PROBLEM TO WORK ON = Please make an exact copy of the listing, without the pictures.

RECORDED DATA =
<<<<

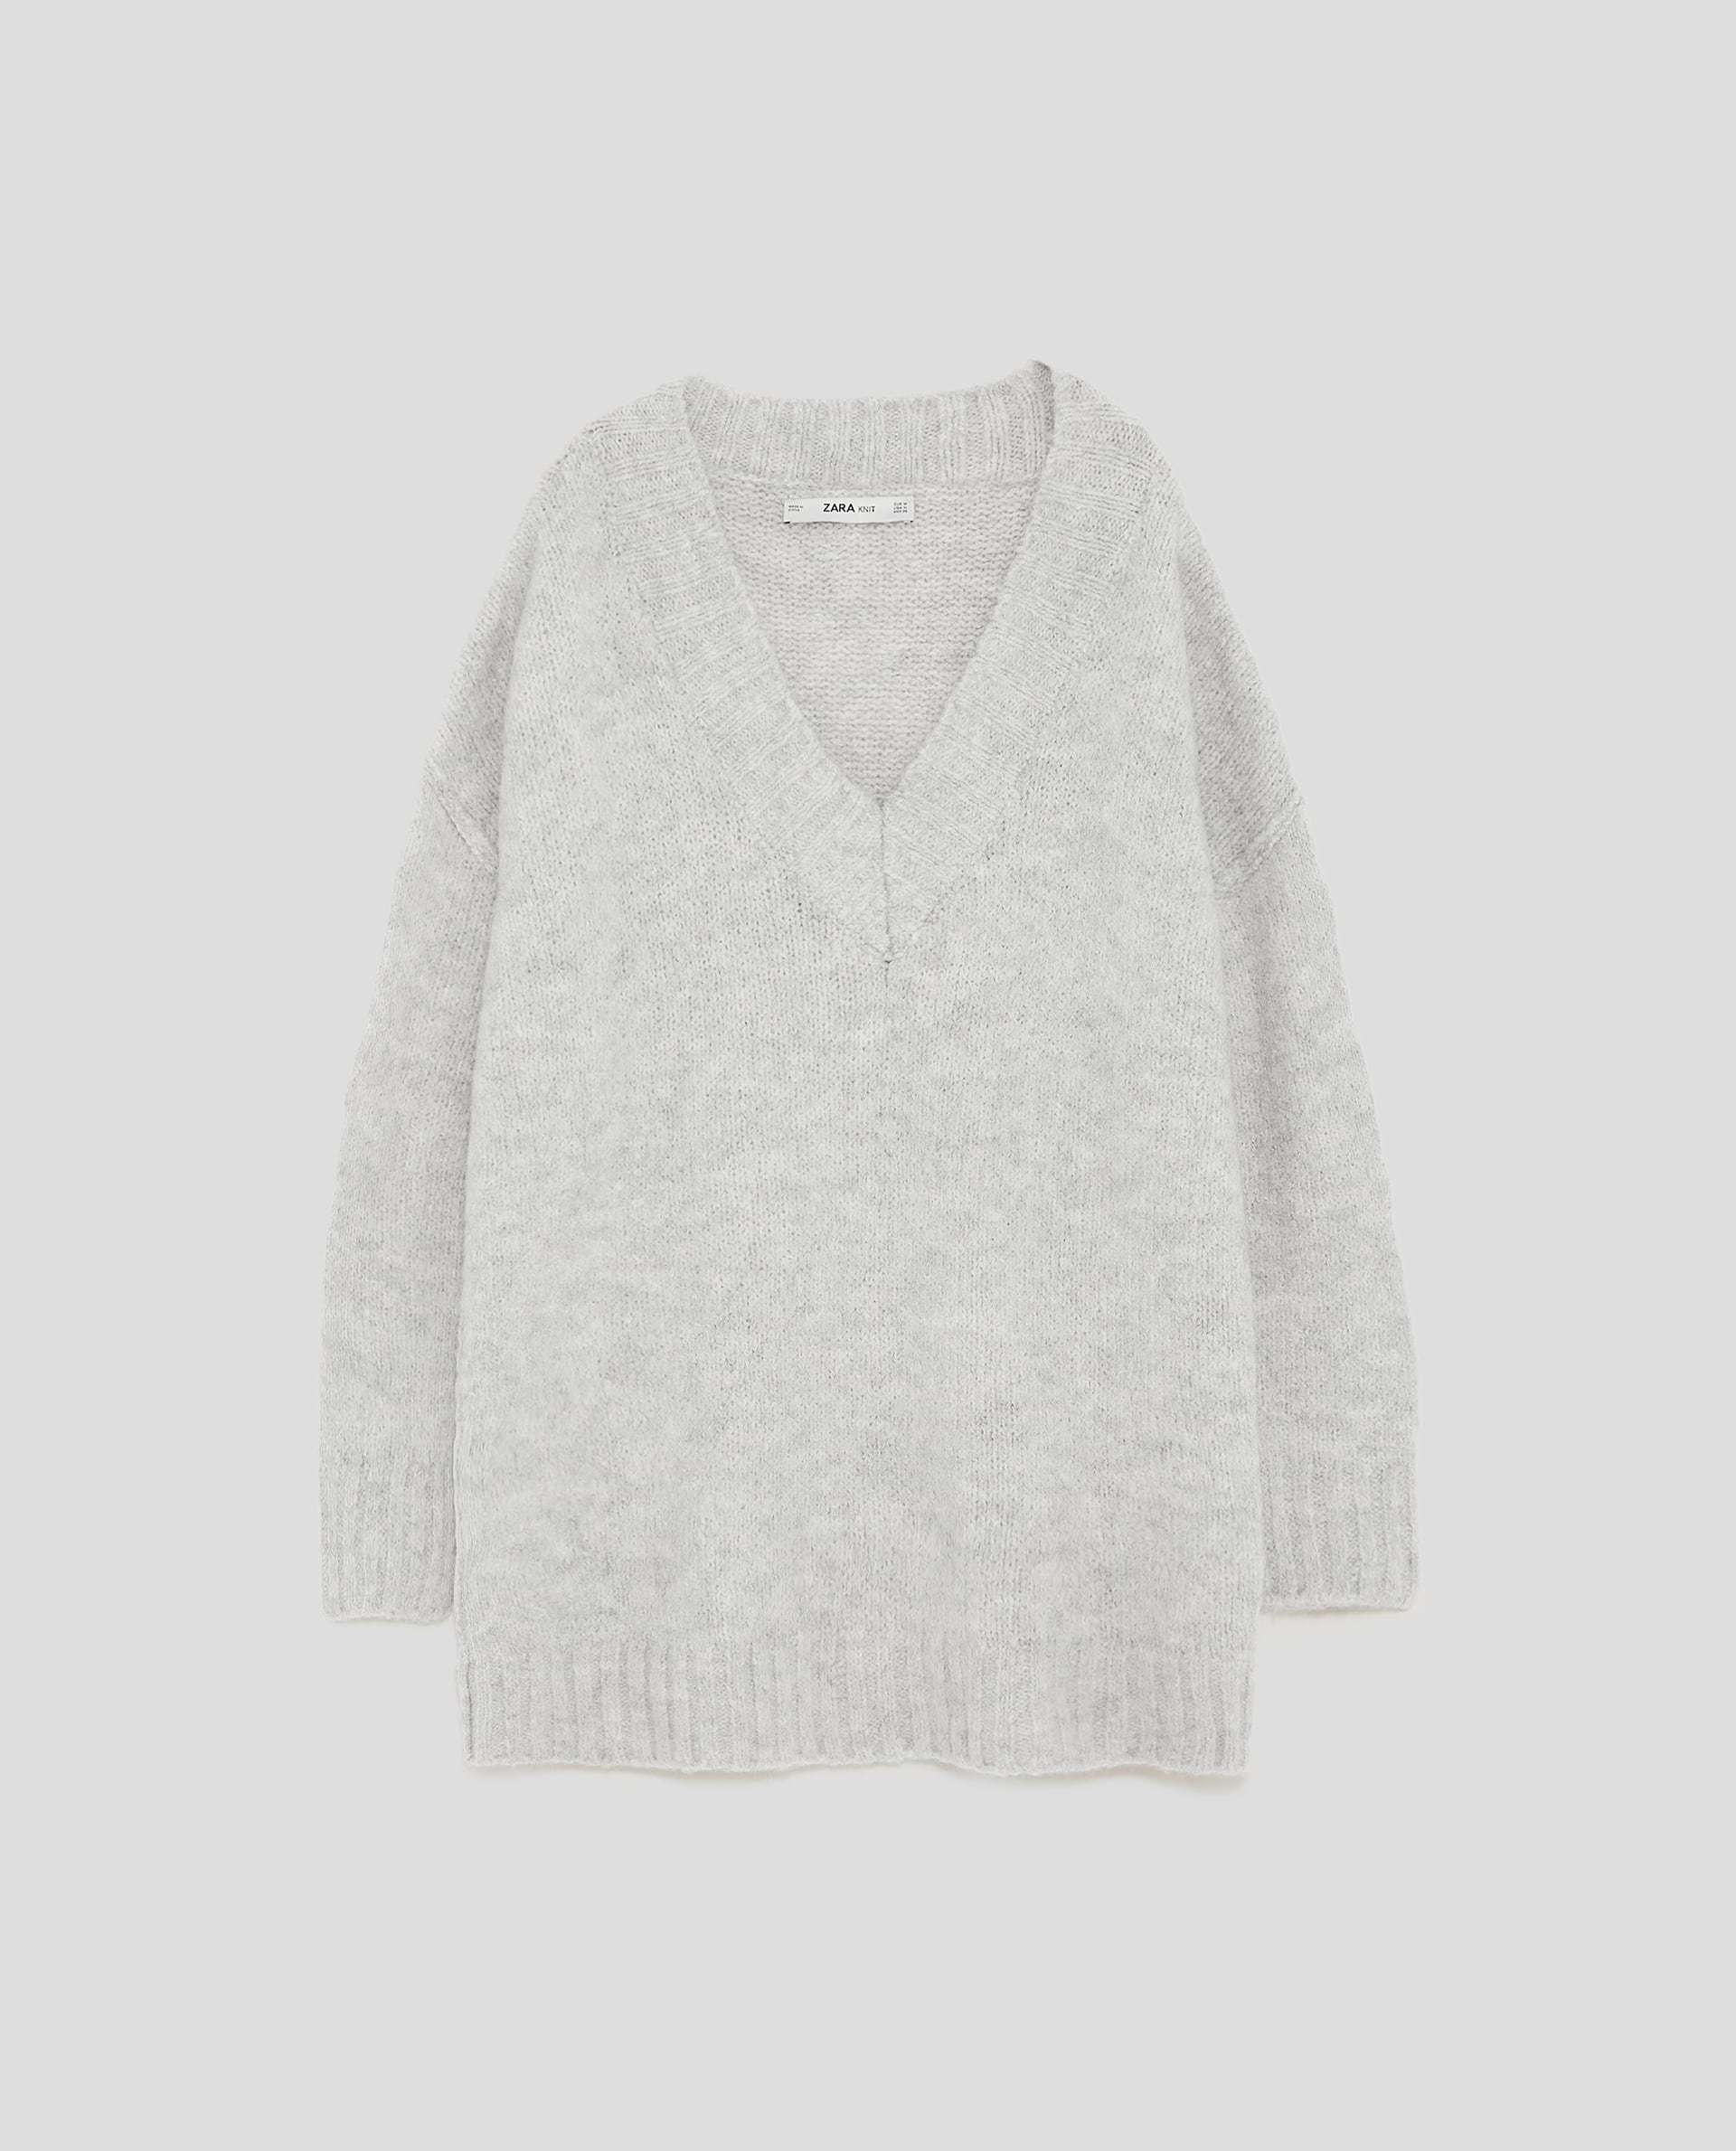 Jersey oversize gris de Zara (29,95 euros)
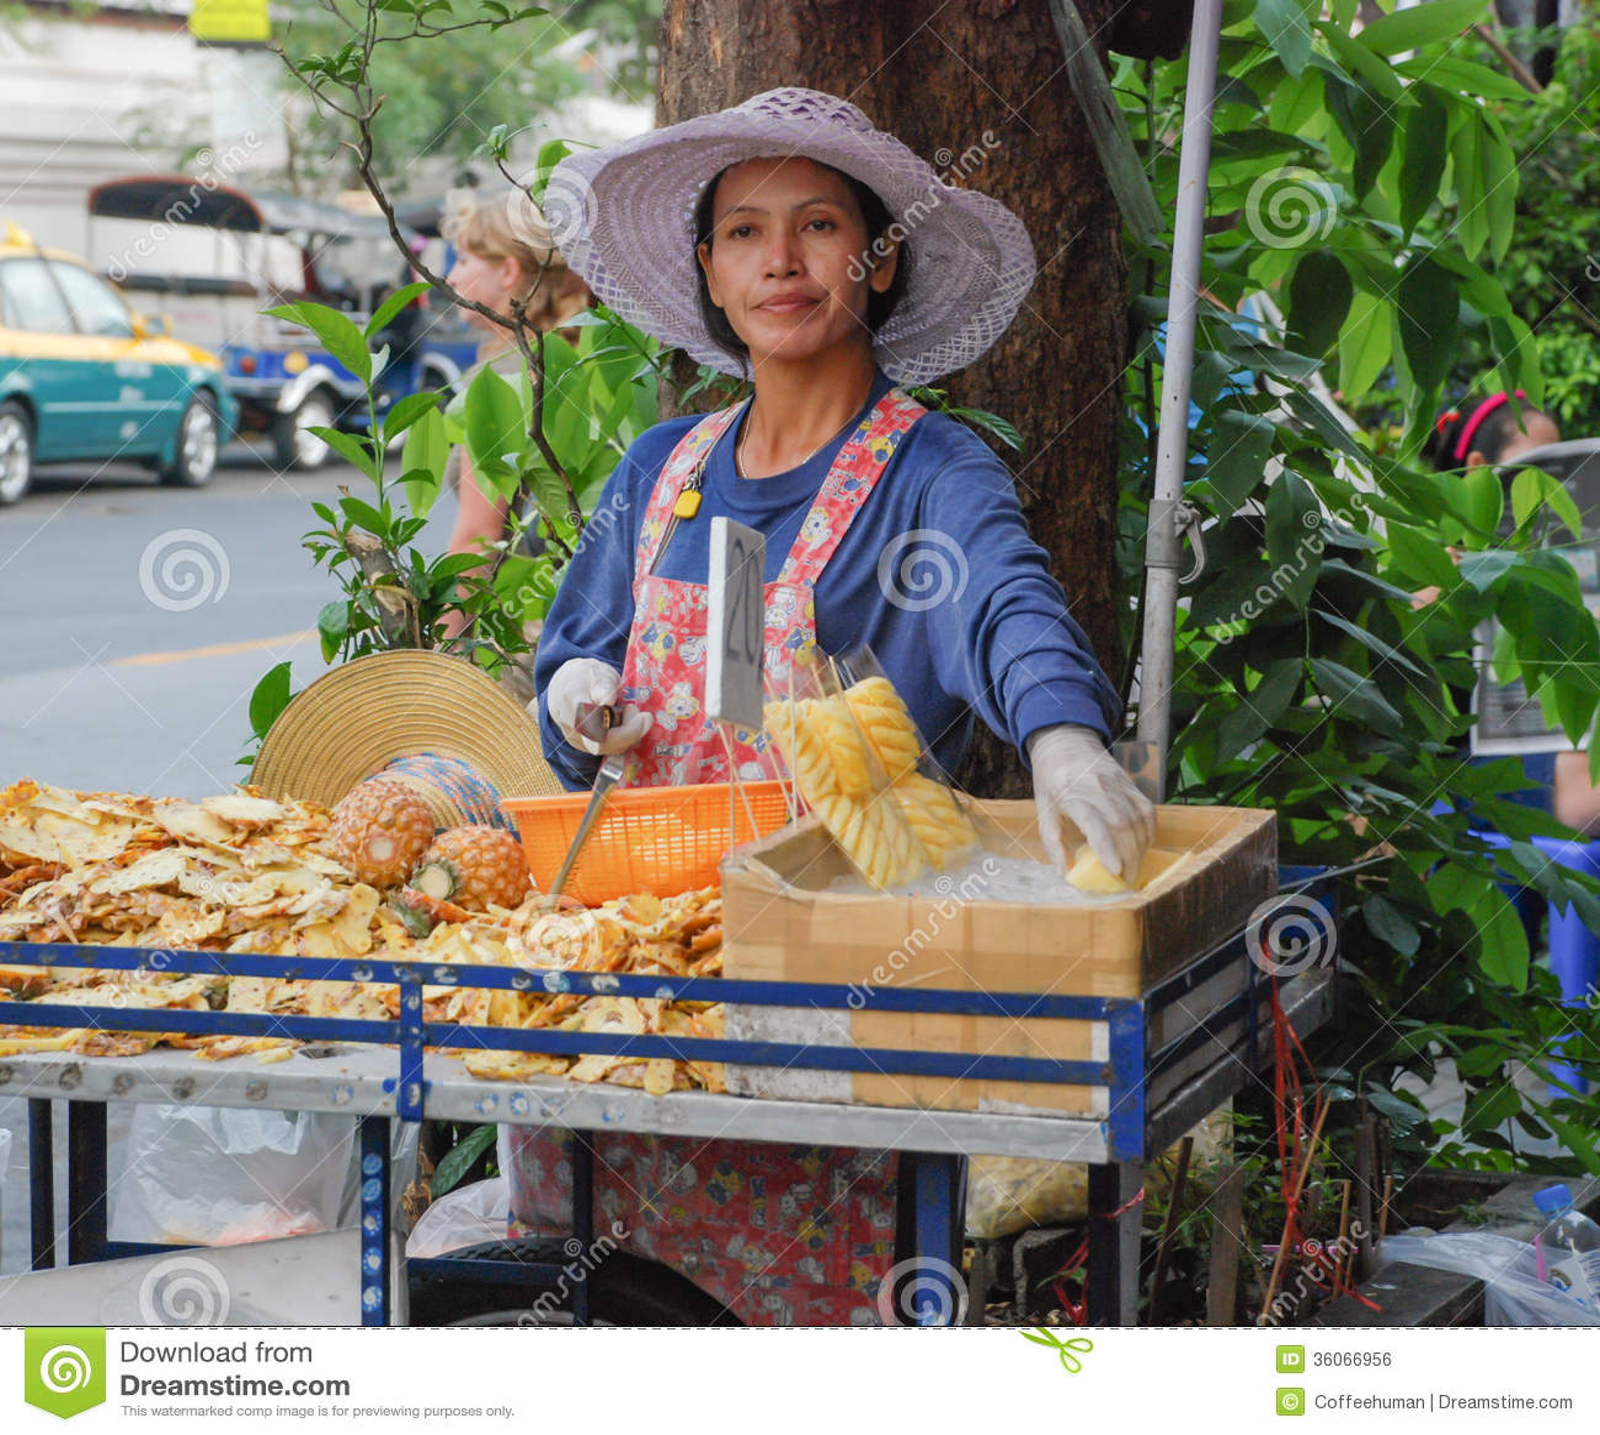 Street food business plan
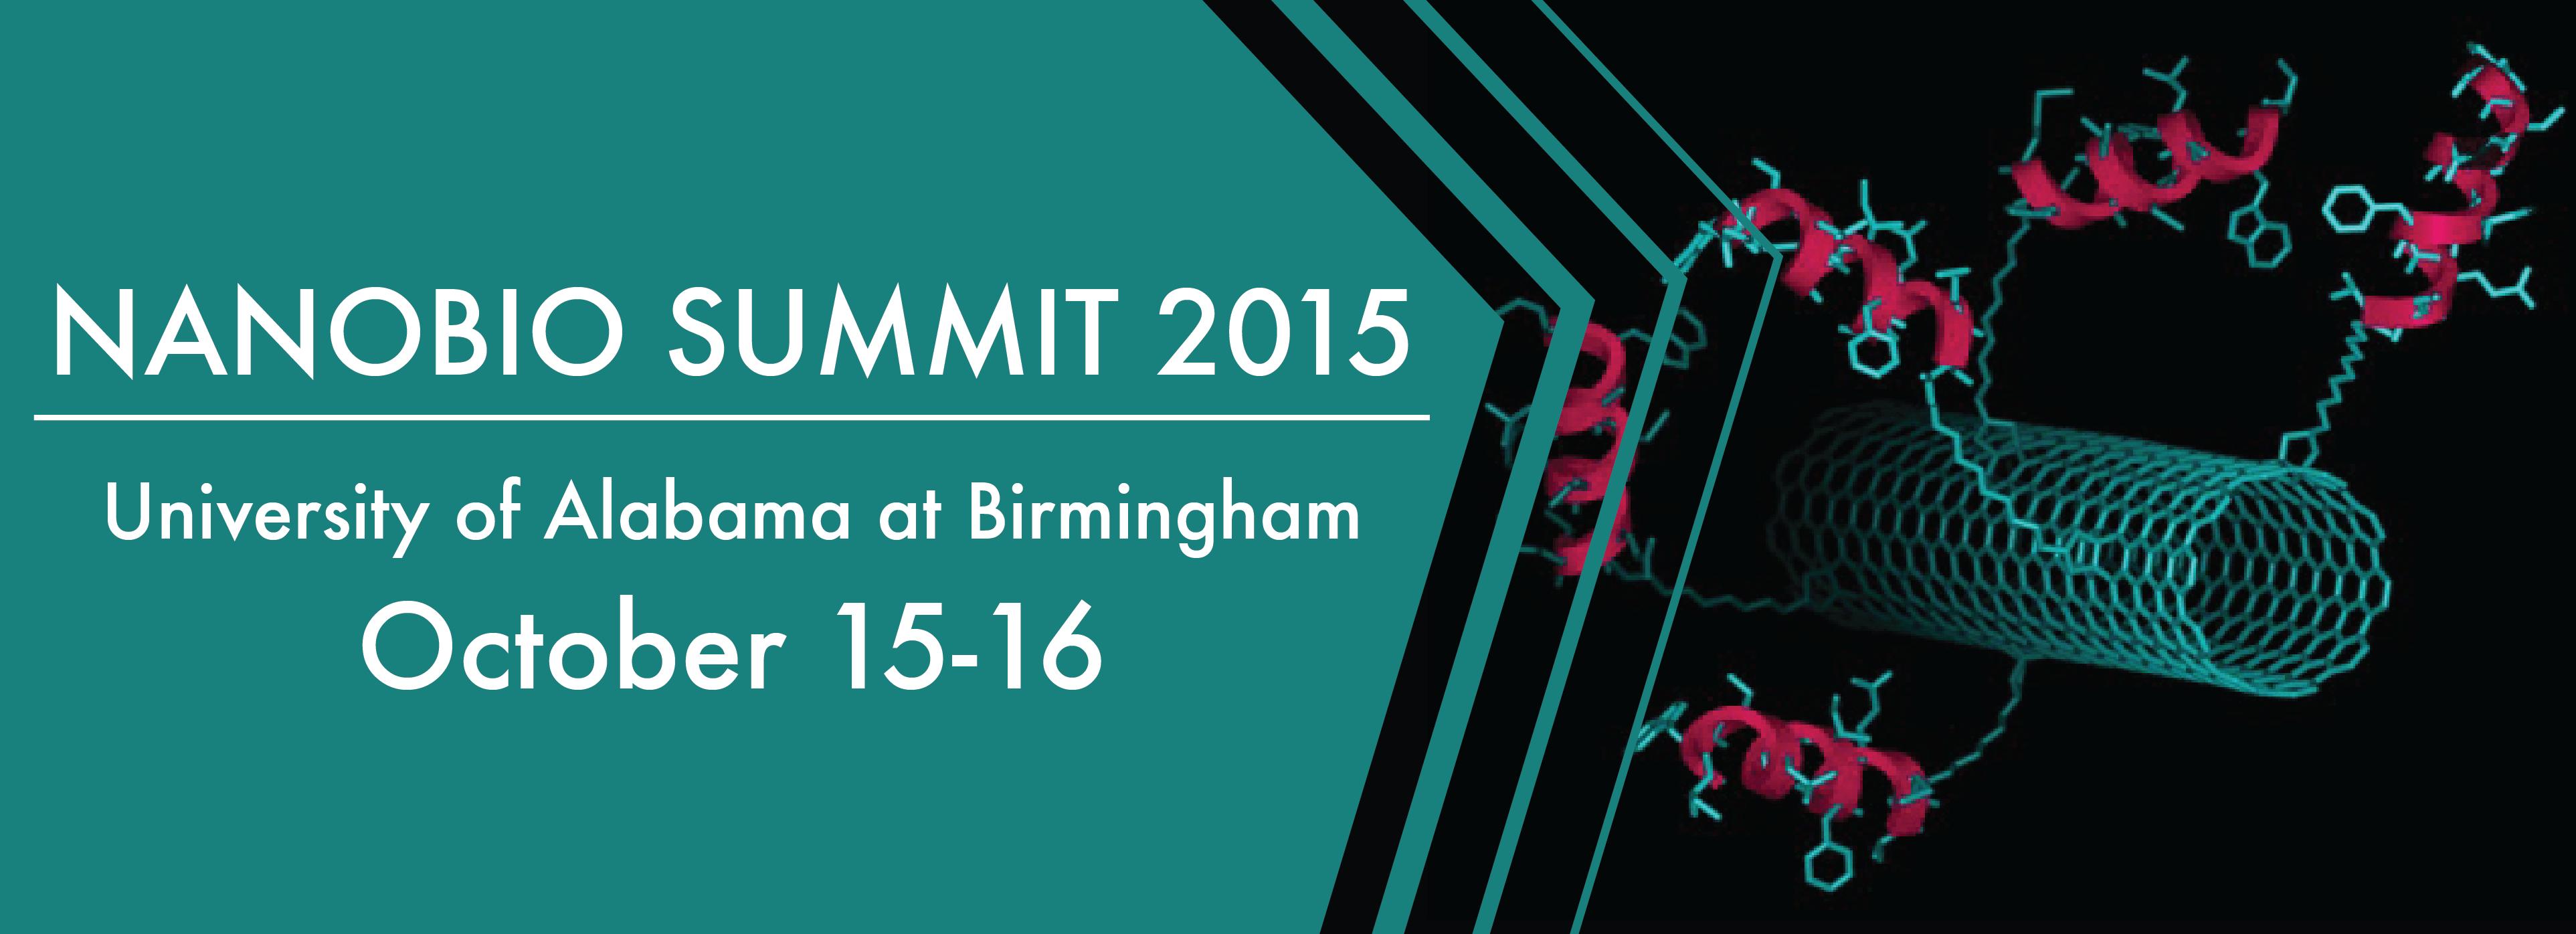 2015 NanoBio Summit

>>>>

ANSWER SECTION =
 Jersey oversize gris de Zara (29,95 euros)
 Street food business plan
 2015 NanoBio Summit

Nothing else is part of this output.